Observed: -3% (within noise) → falls into the "marginal but no regression" bucket. Ship for the kernel.org submission story (no `_irqsafe` from process context = upstream-idiomatic) even though performance is unchanged.
## Receipts checklist
- [x] N=3 reps captured at fresh-chip uptime (544/716/750 s — within first 13 min, before scan-failure-cadence onset)
- [x] All reps under same conditions: same fresh boot, same nc listener, same AP (newton, BSSID c0:25:06:e6:61:b0 on chan 1)

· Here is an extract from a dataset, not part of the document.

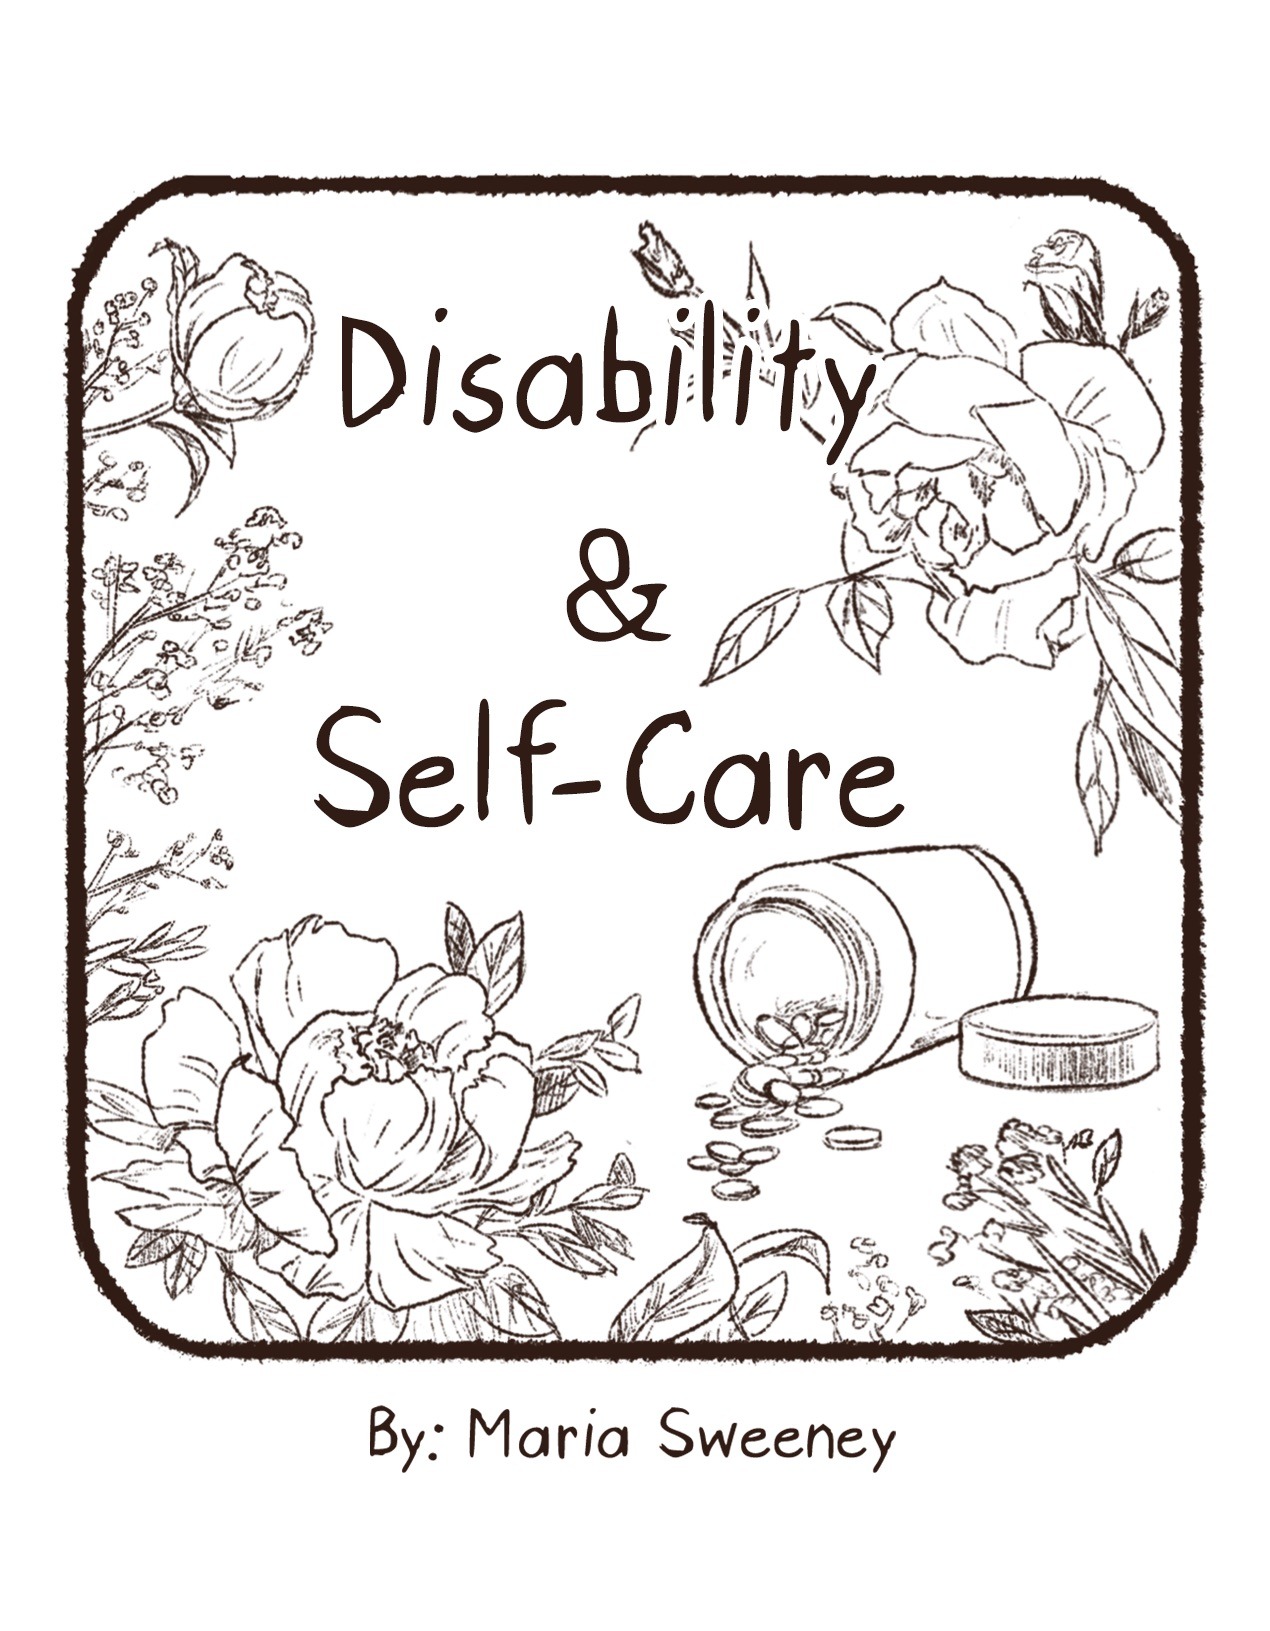 DISABILITY & SELF-CARE by Maria Sweeney https://inarutcomics.bigcartel.com/product/disability-self-care
This educational mini-zine focuses on different forms of self-care and how it intersects with the disabled community. Some issues include how...

- [x] No WARN/BUG/oops on any rep
- [x] dmesg pattern: only the pre-existing wsm_generic_confirm 0x0007 noise — same on Patch B / Patch F / Patch C v3 / D / E / C2 (firmware-side, independent of all our patches)
- [x] Wired-rig telemetry collection — would have caught any wedge that wlan0 ate
- [x] Rig-failure-is-finding: an early "0-throughput" set of reps was rig artifact (nc-loop race, port-binding state from a prior session) — caught and discounted per `feedback_rig_failure_is_finding`. The recovered N=3 reps used setsid-detached listener + post-reboot fresh state.
## Phase 8 lesson
**Drop-in replacements with the right kerneldoc reading still need Phase 7 measurement.** I expected +5-15% from removing the tasklet schedule. Got -3% (noise). The cost we were saving was already amortised by something else (NAPI infra? per-CPU softirq scheduling?). The kerneldoc-correctness story stands; the perf story does not.
**Memory entry:** the perf-vs-correctness distinction is worth keeping. `_irqsafe → _rx_ni` is a CORRECTNESS / API-cleanliness move, not a performance optimization. Don't oversell predicted deltas without baseline measurement.
## Out-of-scope follow-ups
- Patch C v3 architectural win is the durable +73%. C / D / E / C2 / F / G are smaller cleanups that don't compound visibly.
- Bug #5 RX-degradation campaign already closed (hypothesis falsified).
- Task #24 (post-cleanup observation of bh.c symptom-shaped artifacts): mostly answered.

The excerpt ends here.